- Interactive map of Promyshlenny
- Promyshlenny Location of Promyshlenny Promyshlenny Promyshlenny (Komi Republic)
- Coordinates: 67°37′N 63°55′E﻿ / ﻿67.617°N 63.917°E
- Country: Russia
- Federal subject: Komi Republic
- Urban-type settlement administrative territorySelsoviet: Vorgashor Urban-Type Settlement Administrative Territory
- Founded: 1956

Population (2010 Census)
- • Total: 0
- • Estimate (2021): 0 )

Administrative status
- • Subordinated to: Town of republic significance of Vorkuta

Municipal status
- • Urban okrug: Vorkuta Urban Okrug
- Time zone: UTC+3 (MSK )
- Postal code: 169932
- OKTMO ID: 87710000086

= Promyshlenny, Komi Republic =

Promyshlenny (Промы́шленный) is an abandoned urban locality (an urban-type settlement) under the administrative jurisdiction of the town of republic significance of Vorkuta in the Komi Republic, Russia. It had no recorded population as of the 2010 Census.

==History==
Promyshlenny was established in 1956 as a mining community in relation to the "Tsentralnoy" and "Promyshlennoy" coal mines. The housing was built by convicts who worked at the mines. A major underground explosion in 1998 killed 23 miners and closed the mines. This led to a rapid economic decline and as a consequence the authorities decided to resettle the population elsewhere. The population prior to the explosion was a little over 1,000 people.
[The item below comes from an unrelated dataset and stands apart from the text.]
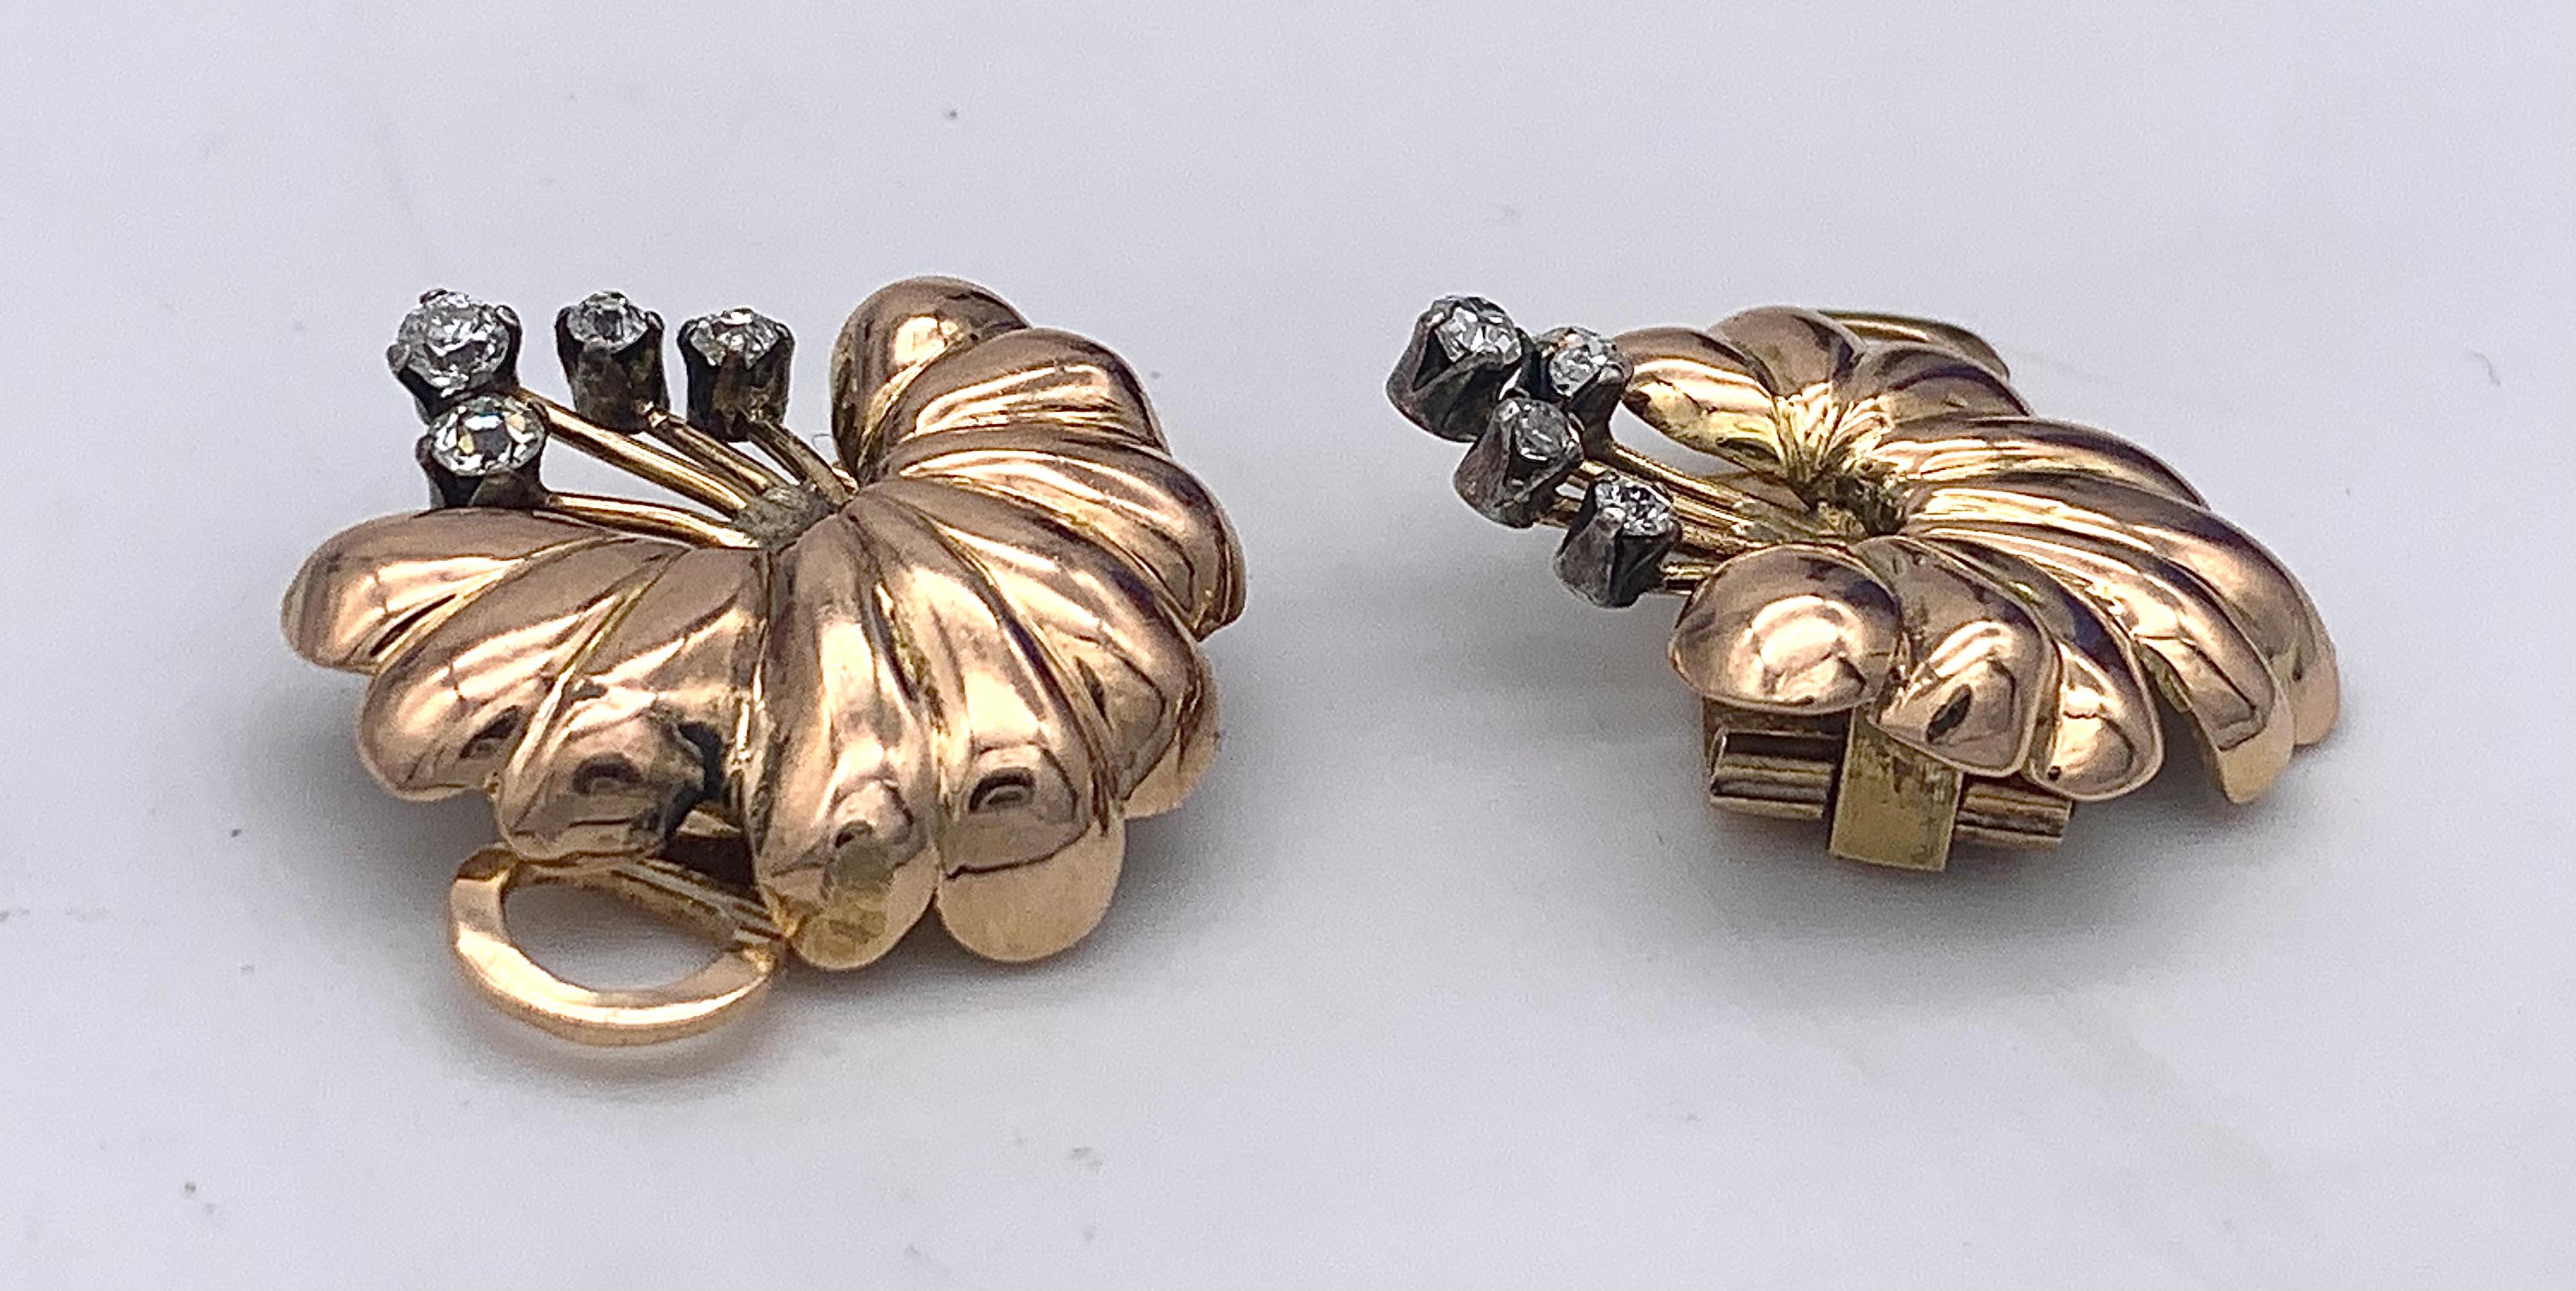 Diese fein modellierten Art-Déco-Ohrclips mit ihren ausdrucksstarken Blütenstempeln wurden um 1935 gefertigt. Die Blütenstempel sind mit runden, in Silber gefassten Diamanten verziert.
Die Ohrclips sind auf der Außenseite der Clipmechanismen

==Administrative and municipal status==
Within the framework of administrative divisions, the urban-type settlement of Promyshlenny is subordinated to Vorgashor Urban-Type Settlement Administrative Territory, which is itself subordinated to the town of republic significance of Vorkuta. Within the framework of municipal divisions, Promyshlenny is a part of Vorkuta Urban Okrug.